Avoid the Passive Voice

Brad De Long delong at econ.Berkeley.EDU
Tue Oct 6 07:30:41 PDT 1998



>
>Since Chomsky has written extensively about these topics it should be easy to
>find a reference to support the ad hominen attacks shown in the first
>paragraph
>and below. This was not done.
>

Avoid the passive voice. It makes for weak prose, and fuzzy thought.

Noam Chomsky is old enough to know that in the context of 1945-1955 the economic benefits from a program to stimulate exports and create a higher-pressure economy were a bit more equally distributed than the then-current distribution of income, and were much more equally distributed than the post-1945 tax burden. He knows as well as I do that a program to use tax money to boost exports--the Marshall Plan, in its domestic-impact facet--was not an inequality-increasing transfer of wealth away from hard-working American taxpayers.

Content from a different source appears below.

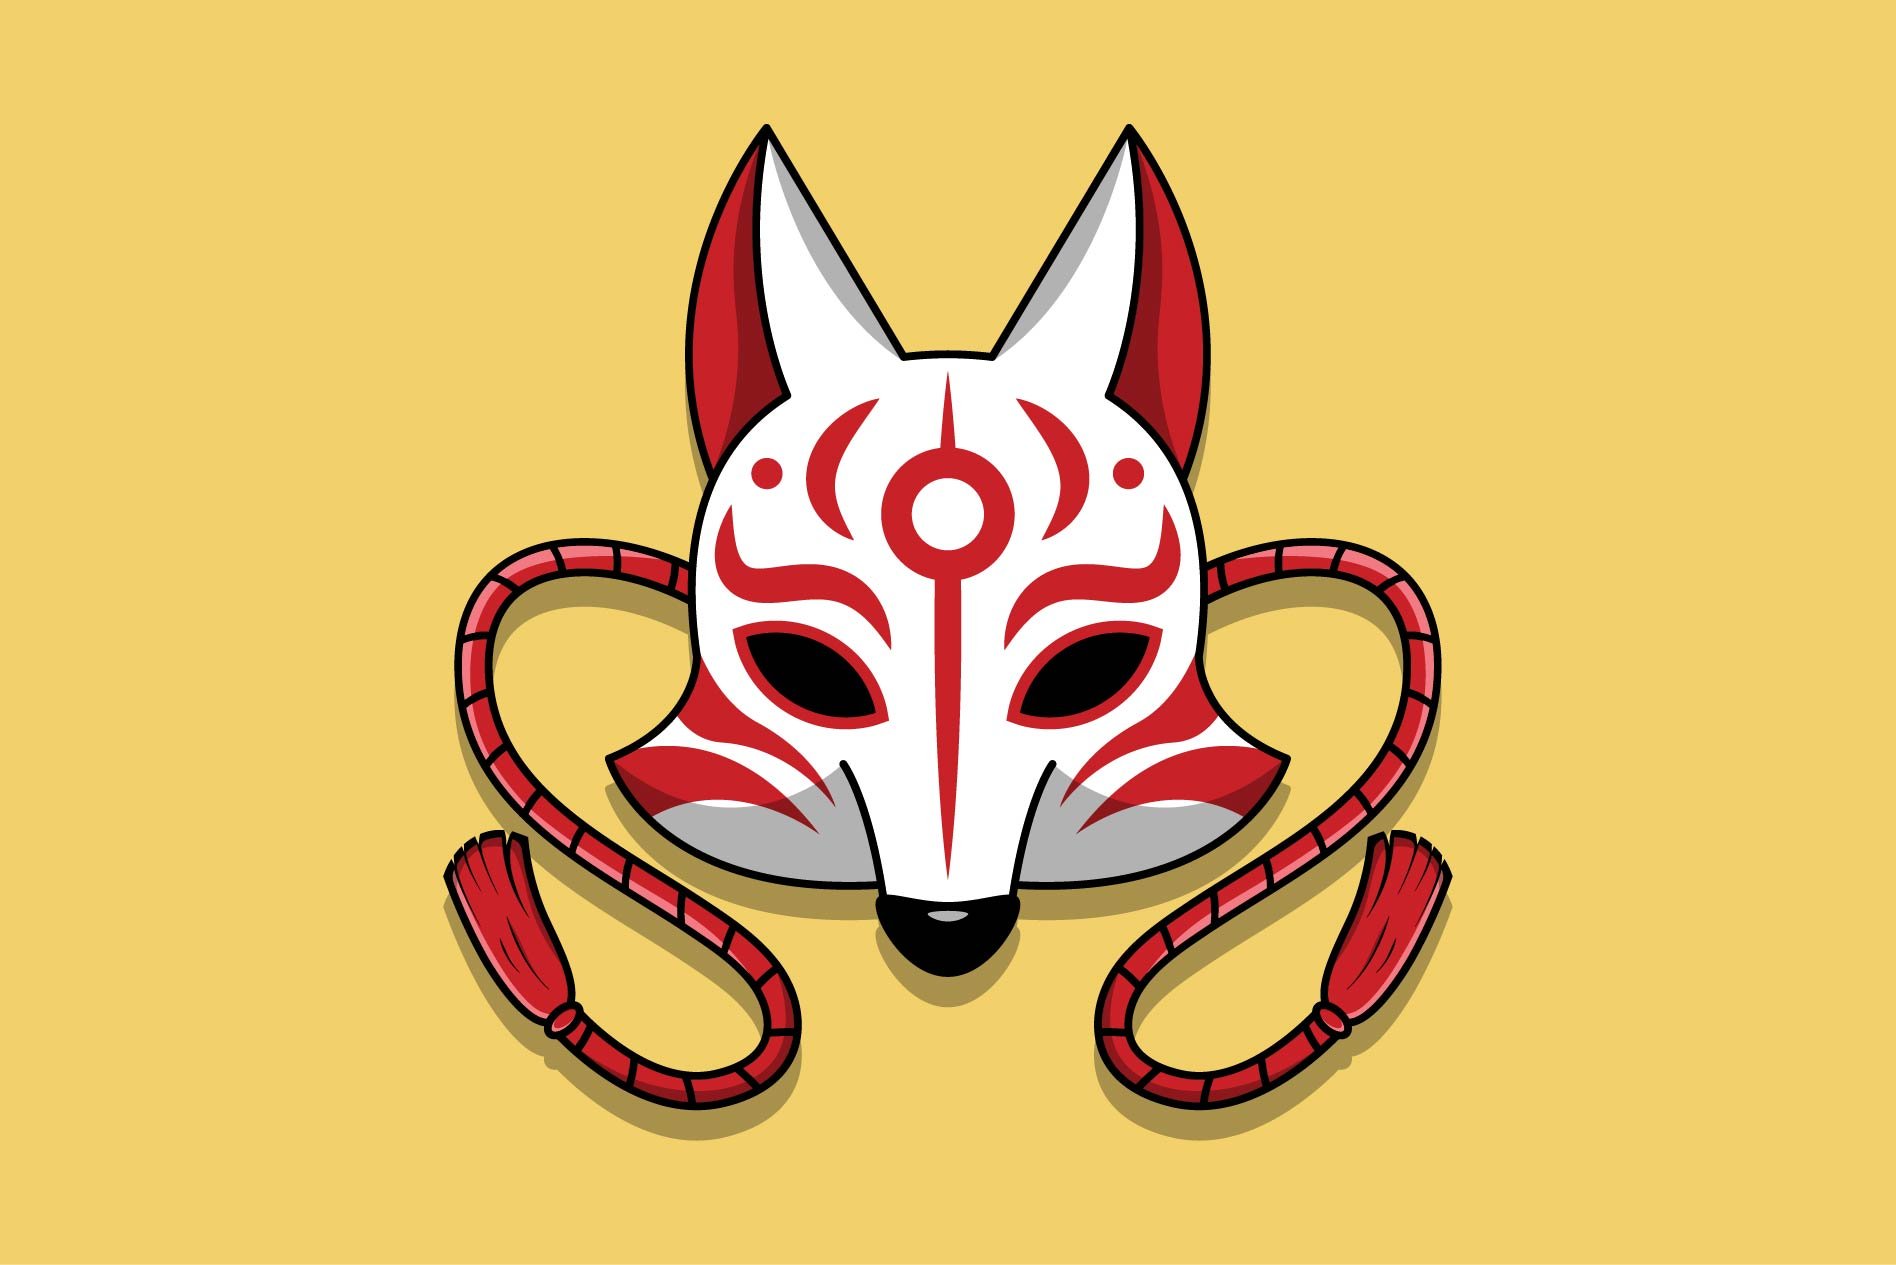 Japanese kitsune mask #46 cover image.

And Noam Chomsky knows as well as I do the first obligation of every participant in any speech situation: to do your best to raise the level of the debate--not to create false consciousness.

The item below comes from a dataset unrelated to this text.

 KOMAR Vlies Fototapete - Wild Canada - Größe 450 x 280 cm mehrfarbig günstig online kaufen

The use of political debate as an opportunity to create false consciousness... The opposing of hard-working "taxpayers" to sinister parasites... The invocation of nationalism... The condemnation of social democracy as a mask for plutocratic interests, coupled with a certain... fuzziness... as to what the alternative set of economic arrangements is.

You can call this political complexion whatever you want. You can even ignore that it exists. But it *is* a kissing cousin to Action Francaise, Benito Mussolini, Francisco Franco, and the National Socialist German Workers' Party. It isn't full-blown fascism. But it is proto- or pseudo-fascism.

I don't have to bury my head in the sand and pretend that we aren't hearing more of it from *all* directions on the political spectrum.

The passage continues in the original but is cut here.